Un dispositif très efficace certes, mais tout n’est pas rose en ce qui concerne le cadre réglementaire dans lequel doivent se développer les entrepreneurs en France. La confiance règne dans les capacités d’entreprendre mais l’optimisme reste limité en ce qui concerne l’environnement économique et politique.

Encore trop d’incertitudes

Toujours selon le baromètre, les entrepreneurs pensent que la suppression des cotisations familiales pour les entreprises est une bonne idée, la baisse des coûts pour les entreprises serait un bon moyen de se développer.

Mais parallèlement, plus de la moitié estime que le gouvernement ne met pas en place un climat favorable aux affaires et seulement un tiers estime que le gouvernement veut encourager la création d’entreprise. Premier accusé : le système fiscal qui représenterait un barrage pour les personnes souhaitant se lancer dans la création d’une start-up.

D’une manière plus globale, ce que réclame les futurs entrepreneurs, c’est une baisse générale des charges pour les entreprises et notamment les premières années afin de permettre un développement moins risqué lorsqu’on démarre une entreprise.

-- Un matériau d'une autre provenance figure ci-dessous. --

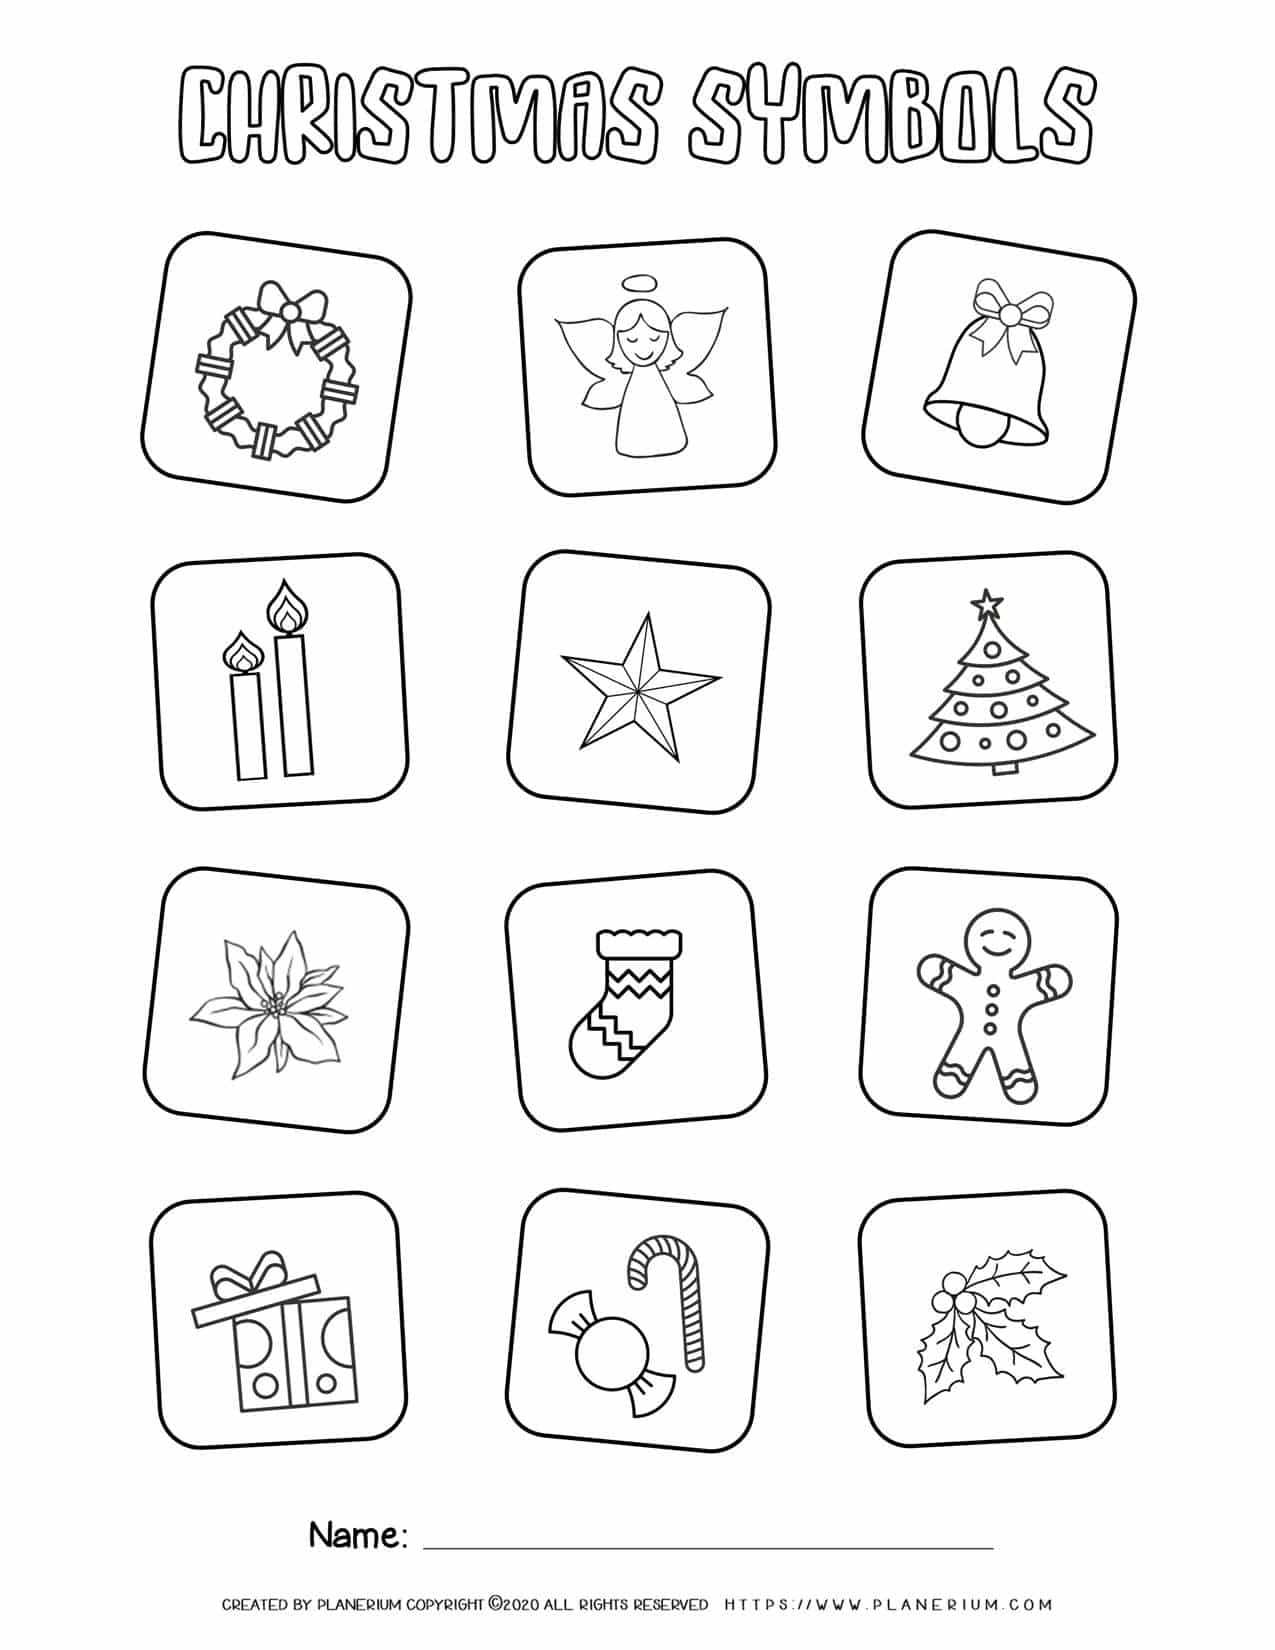 Christmas Symbols Coloring Page | Free Printables | Planerium

Autre problématique qui survient pour les jeunes entreprises : la crainte des investisseurs. Force est de constater que les investisseurs français ou étrangers ne semblent pas sereins lorsqu’il s’agit d’investir dans une start-up en France. La confiance est le maître-mot pour un investisseur mais elle est très dure à avoir lorsque l’on s’aperçoit que de jeunes entreprises peinent à se développer à cause des charges qui pèsent sur elles. Le gouvernement est donc attendu au tournant pour renverser la vapeur.